DONEGAL GAA - GAOTH DOBHAIR IN ALL-IRELAND SEMI-FINAL

We hope to deliver a performance Micheál Roarty would be proud of - Niall Friel

Tom Comack talks to the Gaoth Dobhair captain who has lifted cups for his club from U-16 to senior and now in Ulster

Tom Comack

Reporter:

Tom Comack

We hope to deliver a performance Micheál Roarty would be proud of - Niall Friel

When it comes to doing the business and bringing home the bacon no one does it better than the man that has captained Gaoth Dobhair to a first historic All-Ireland semi-final.

Niall Friel is only 21, but already he has captained Gaoth Dobhair to U-16 championship success right through minor and U-21 up to Donegal senior championships success.
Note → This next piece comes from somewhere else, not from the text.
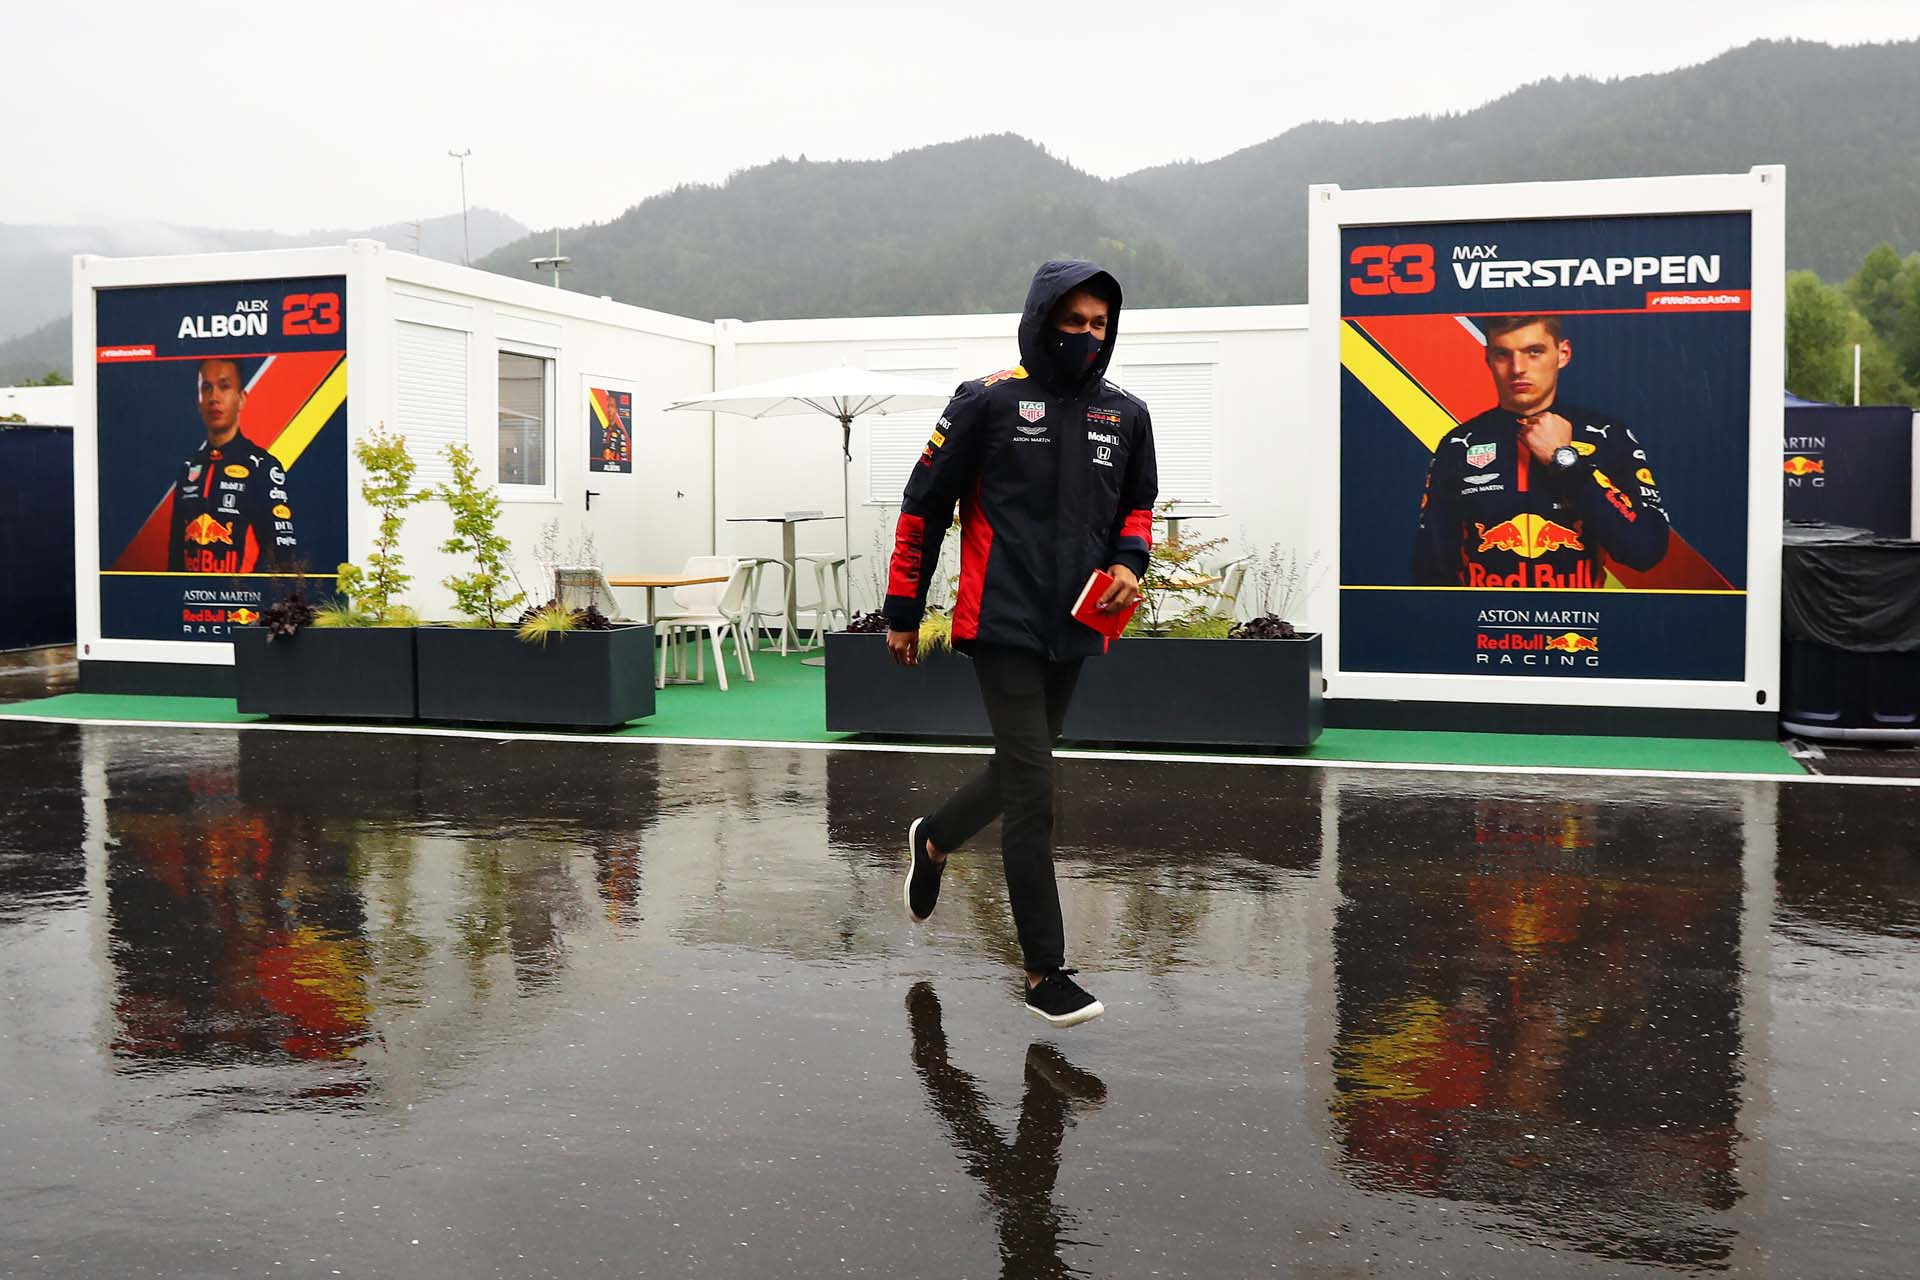 F1 Grand Prix of Styria - Final Practice

And he has also lead his club to Ulster U-21 and senior championships, all in one year, which must be something of a record.
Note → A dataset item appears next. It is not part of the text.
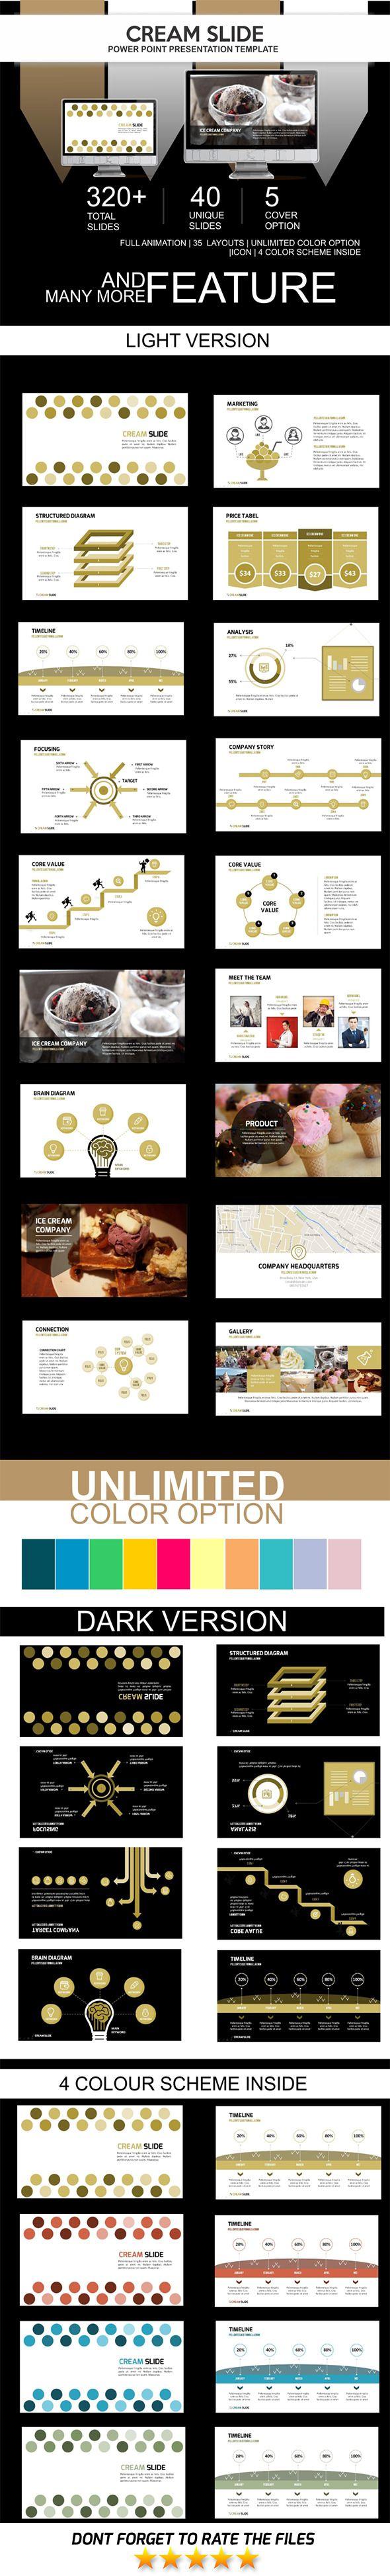 Cream Slide PowerPoint Template #design Download: http://graphicriver.net/item/cream-slide/11569401?ref=ksioks

“When you lay it out on the table it is not too bad,” says Niall, a postgraduate student at NUIG.

“Tom Beag Gillespie deserves massive credit for our success at underage. He just got a good crop of players together.
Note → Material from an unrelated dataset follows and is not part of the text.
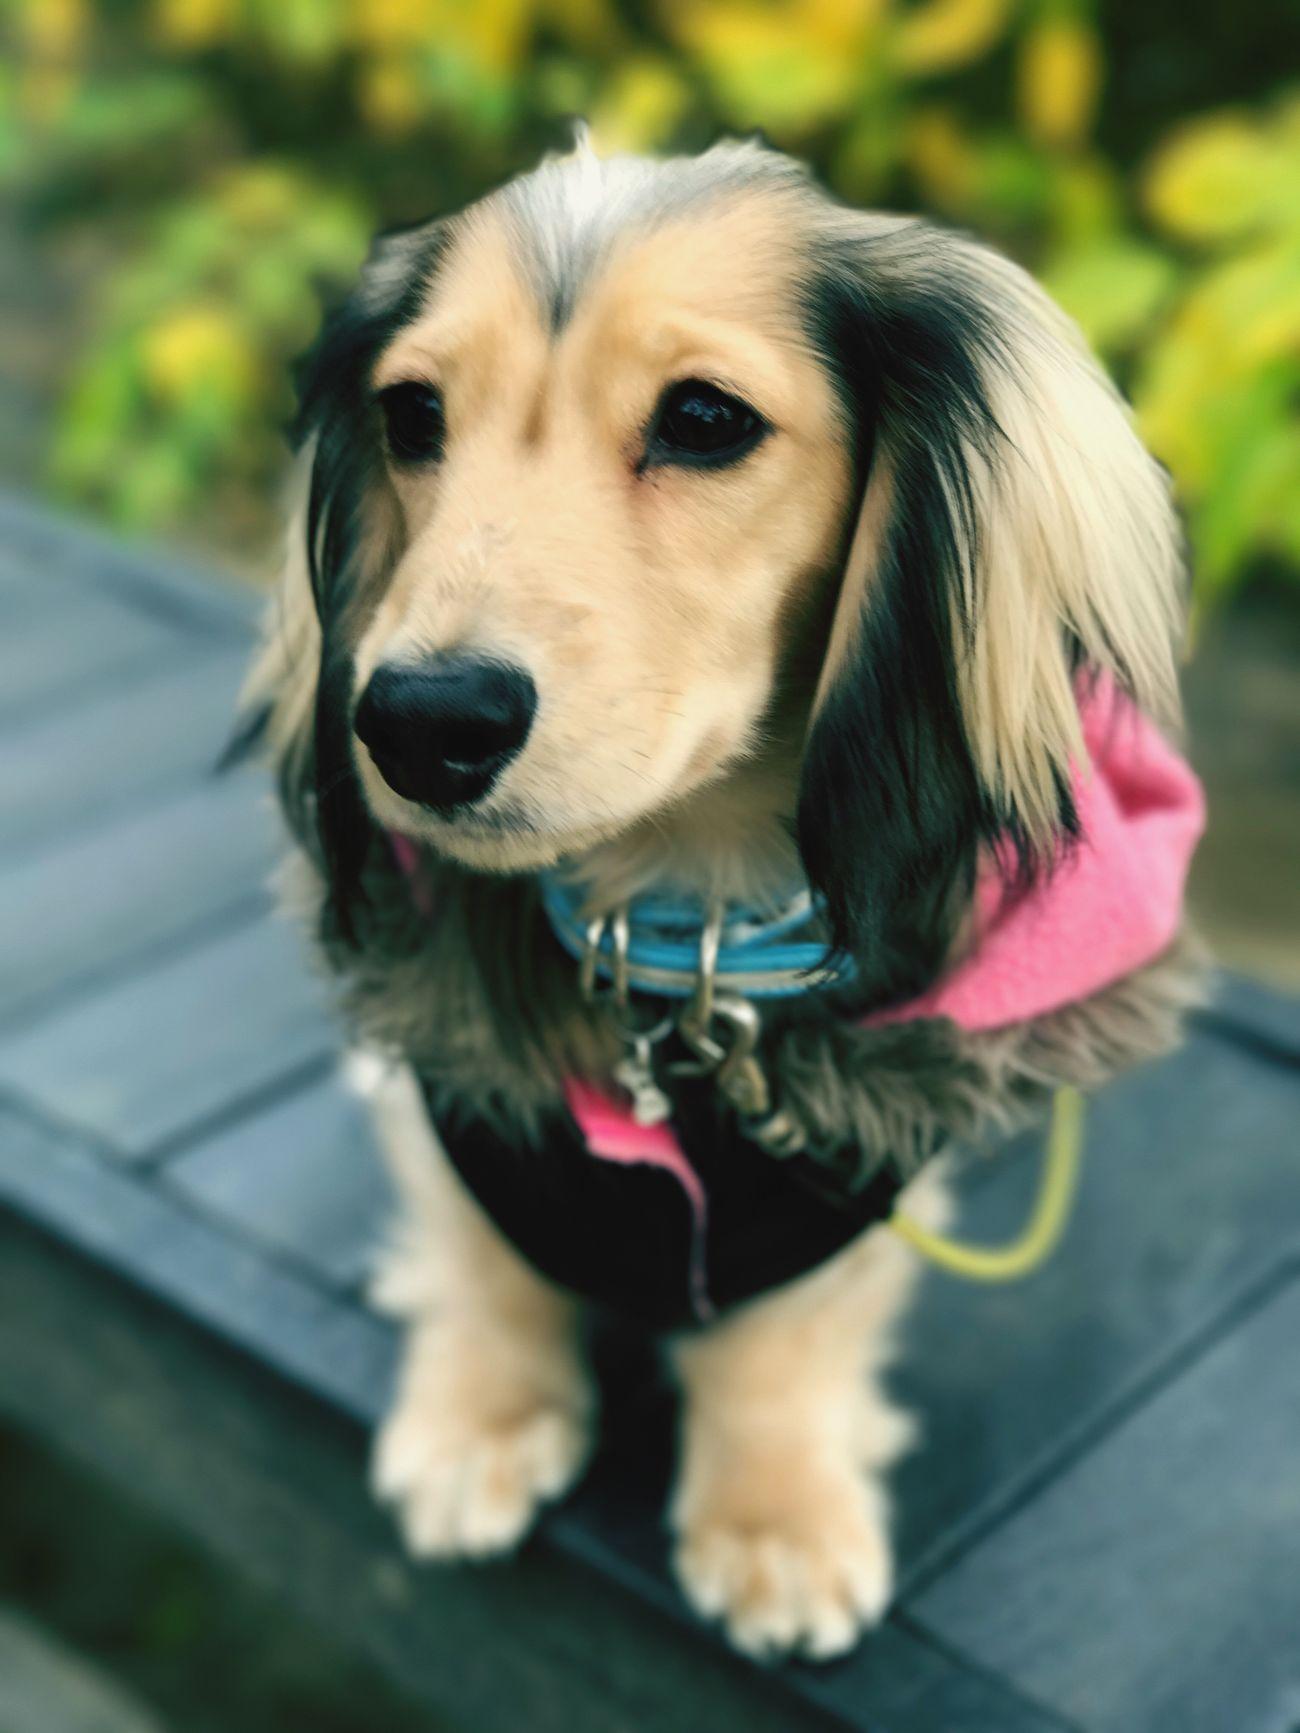 敷島公園 Dog Close-up IPhone7Plus Autumn

“Tom took us first at U-12 and we won all those championships with Tom and now Mervyn (O’Donnell) has come in and took us over at senior level and we were lucky enough to win the Donegal and Ulster championships.”

For the last few seasons Gaoth Dobhair were perennial underachievers. However, in the 2017 championship they had a light bulb moment and strangely it came in a one point semi-final defeat at the hands of Naomh Conaill.

“That semi-final defeat by Glenties was the big turning point for this team.

“We kinda knew we could compete at the top level and coming away from Ballybofey after losing by a point after being six points up at half-time confirmed it to us.

“We looked over the video of the game and felt that we could compete with the top teams and that proved to be the case this year.

“And now we are Donegal and Ulster champions and facing into the biggest game in the club’s history.”

They face the reigning All-Ireland, Galway and Connacht champions Corofin in the semi-final on Saturday.

It will be just a day shy of 11 weeks since Donegal beat Scotstown of Monaghan in the Ulster final.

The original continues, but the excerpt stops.